▶ Work order
Quote the lines below from the one containing "China's Didi plans" to the final line, both ends included; exclude the pictures.

▶ Information shown
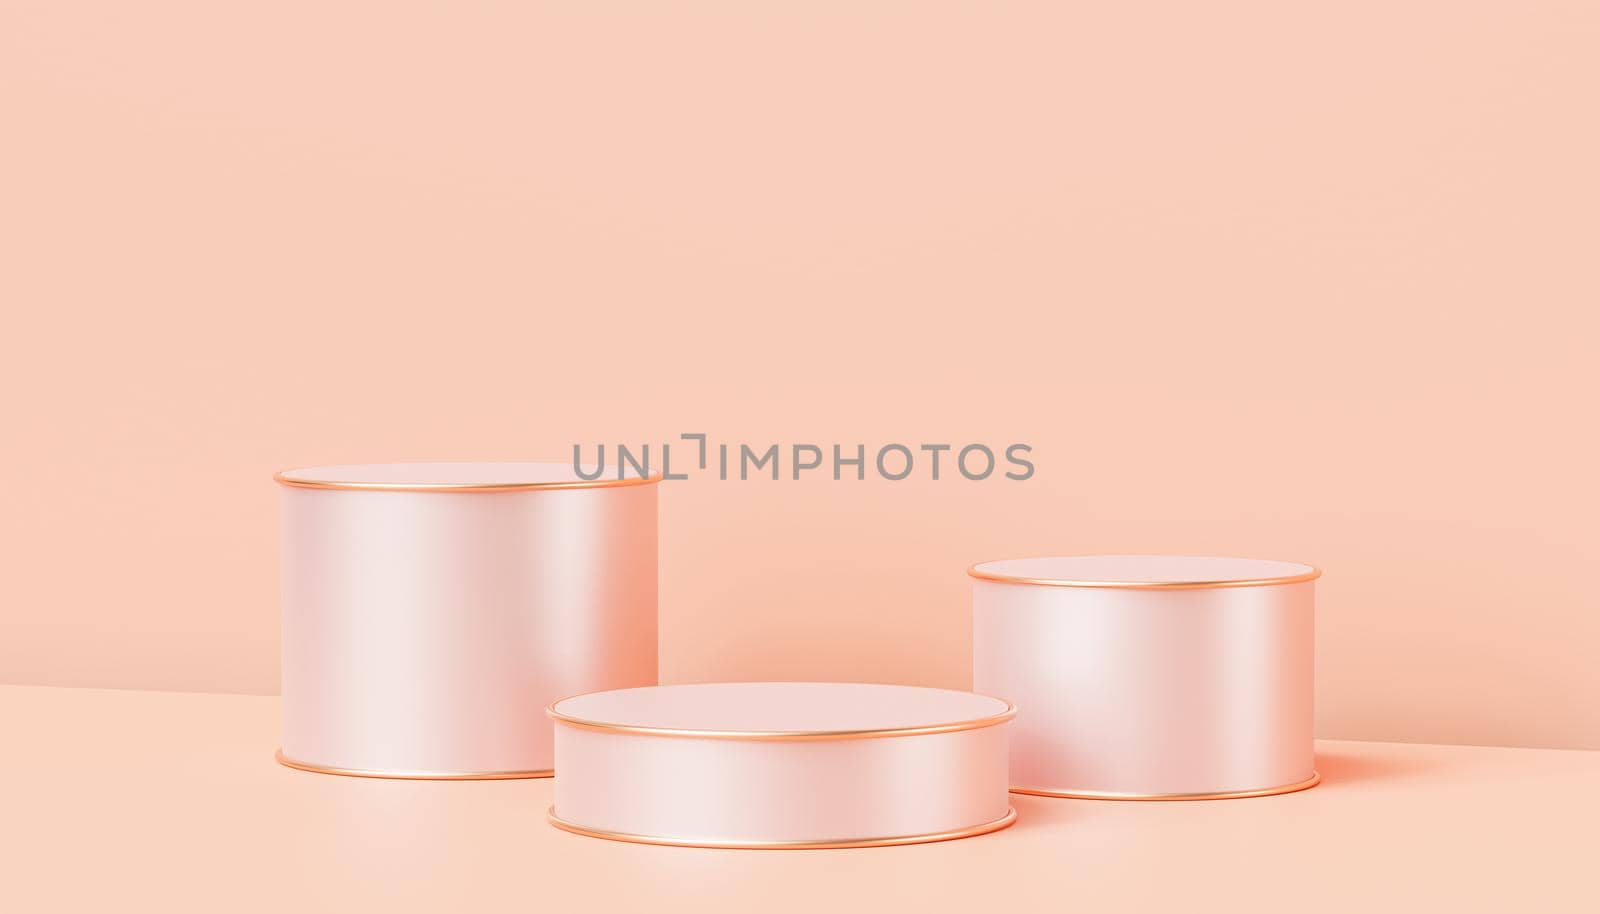 Beige luxury podiums or pedestals for products or advertising on pastel peach colored background, 3d render
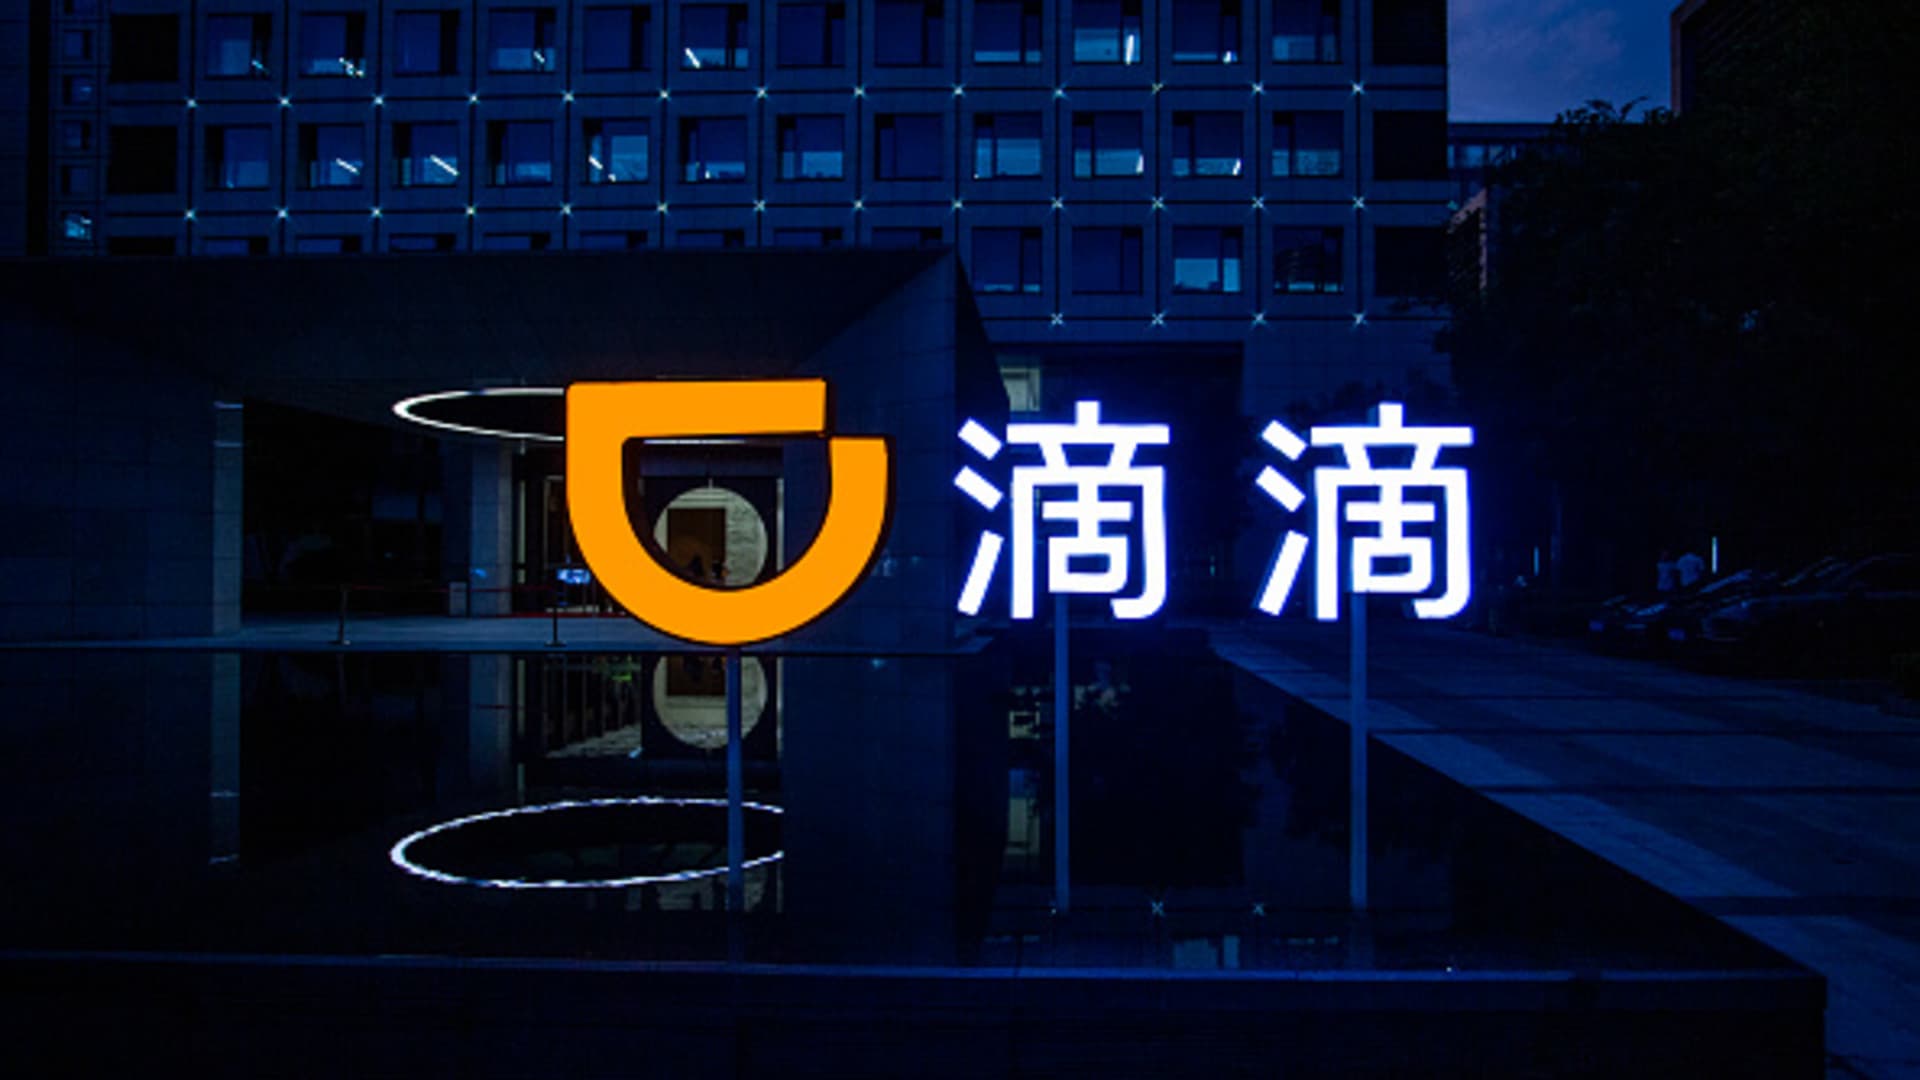 China's Didi plans expansion after Beijing's crackdown ends
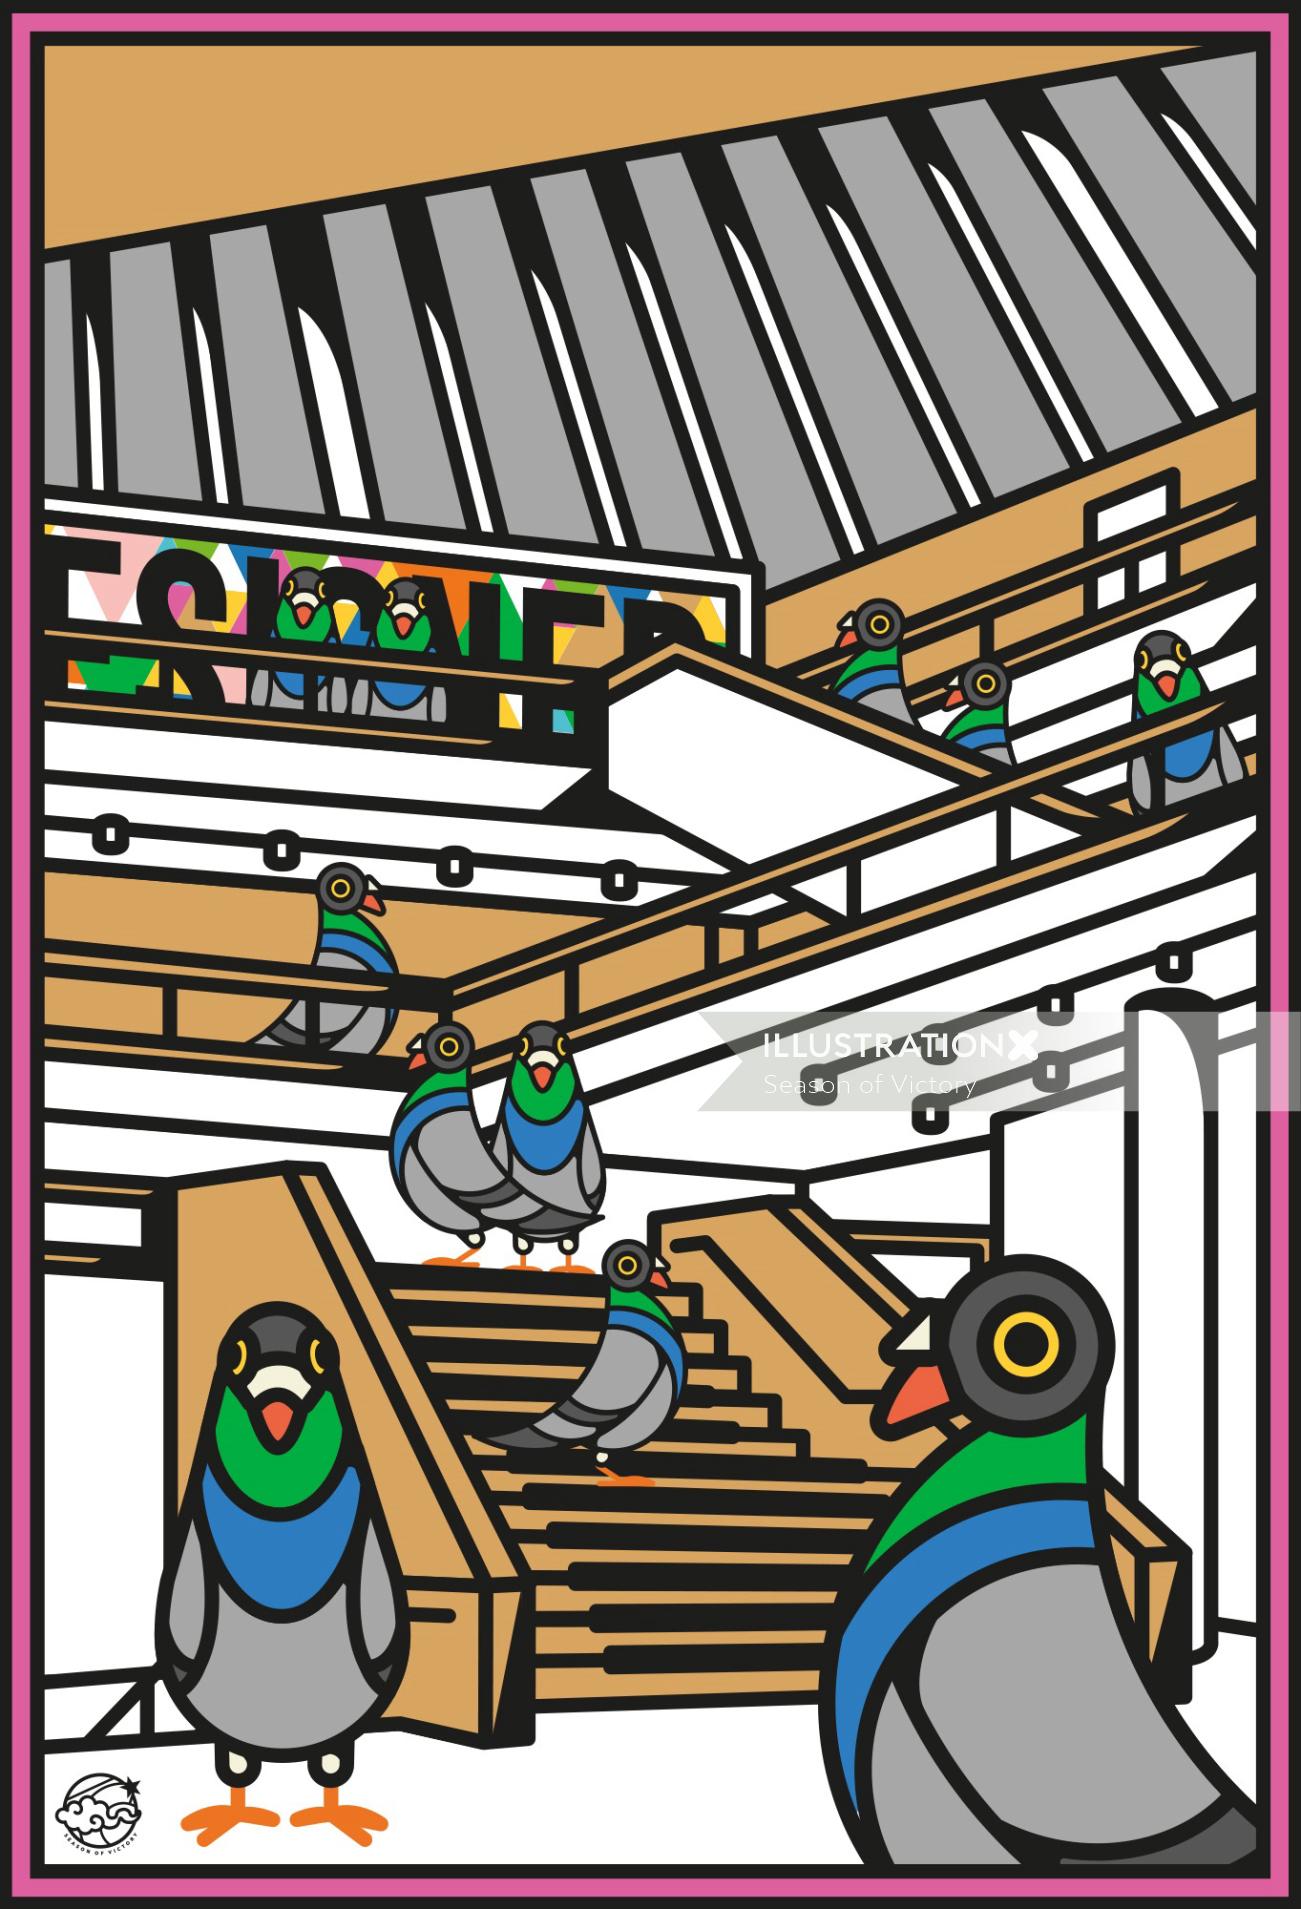 This picture shows pigeons from London taking over the Design Museum

▶ The completed task
 China's Didi plans expansion after Beijing's crackdown ends
 This picture shows pigeons from London taking over the Design Museum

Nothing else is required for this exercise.